→ **Provided data**:
···

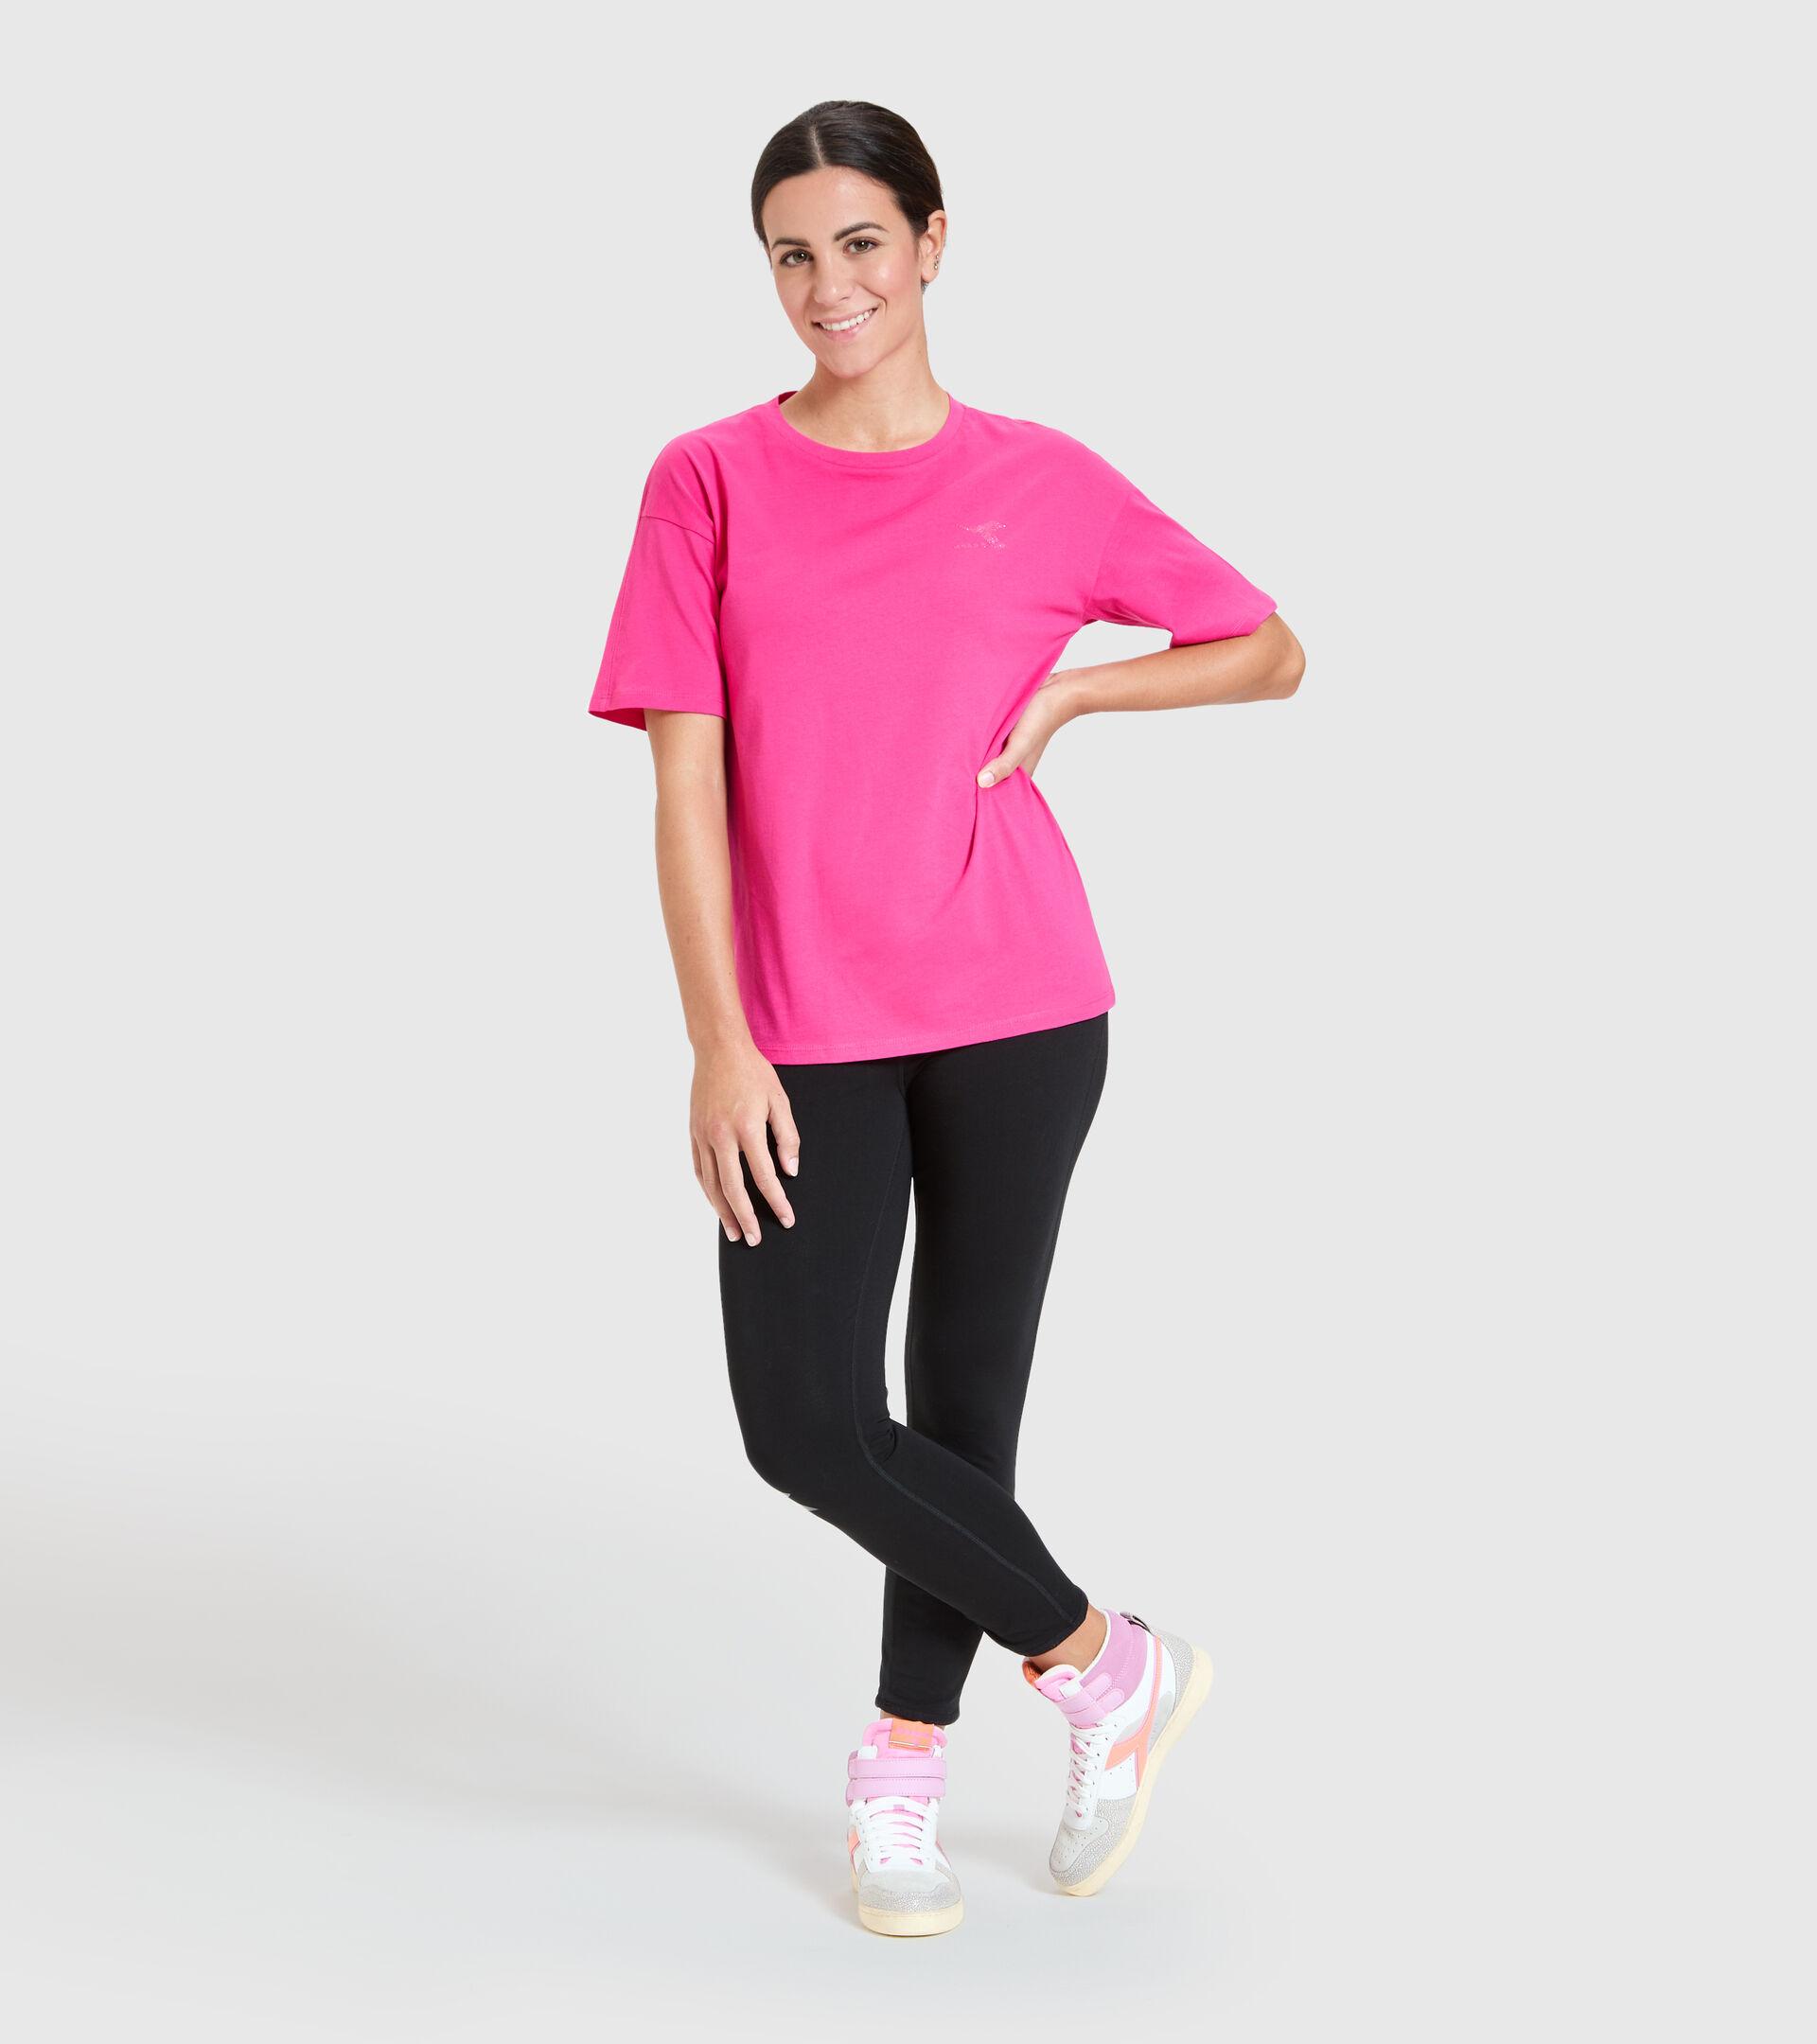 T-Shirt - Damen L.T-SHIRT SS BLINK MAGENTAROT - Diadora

···

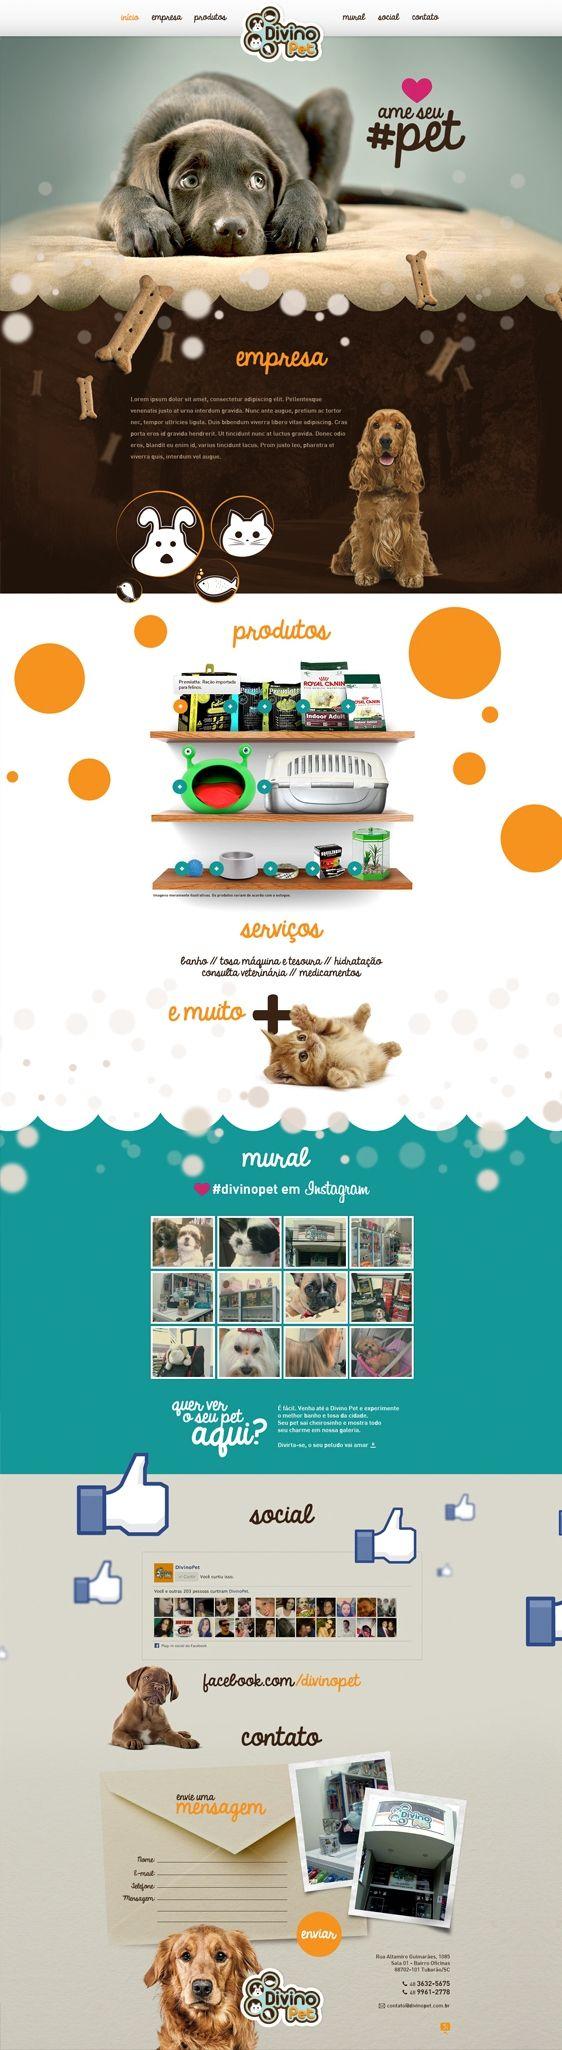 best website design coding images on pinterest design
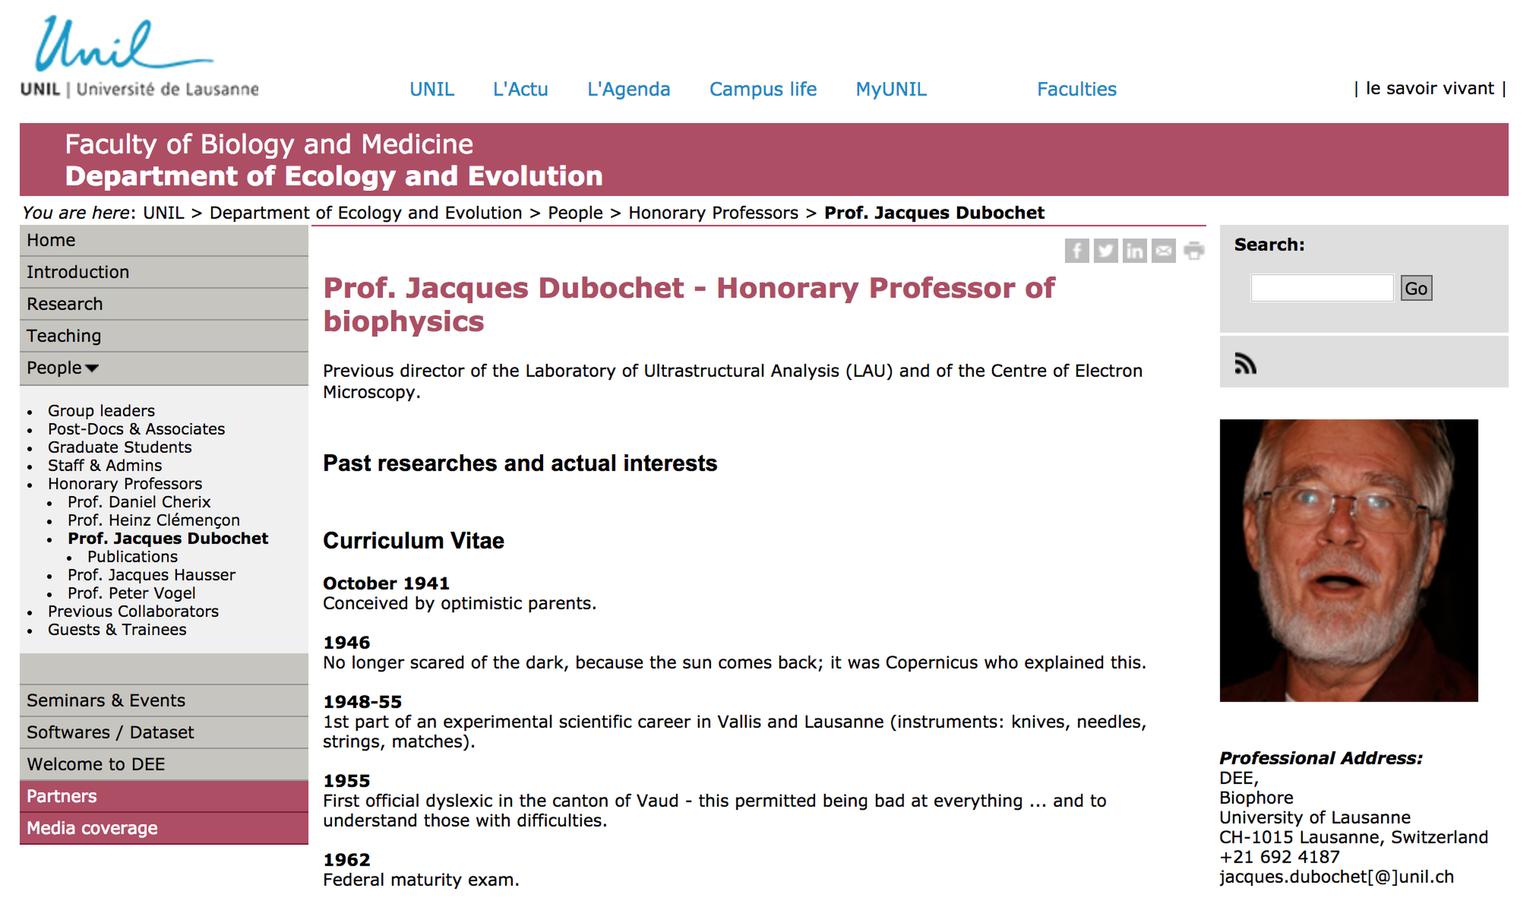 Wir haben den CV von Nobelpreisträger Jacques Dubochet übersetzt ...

···

→ **Problem description**:
When you reach the line with "best website design" in the records above, start writing out each line exactly, and stop after the line with "Wir haben den". Pictures stay out.

→ **Result**:
 best website design coding images on pinterest design
 Wir haben den CV von Nobelpreisträger Jacques Dubochet übersetzt ...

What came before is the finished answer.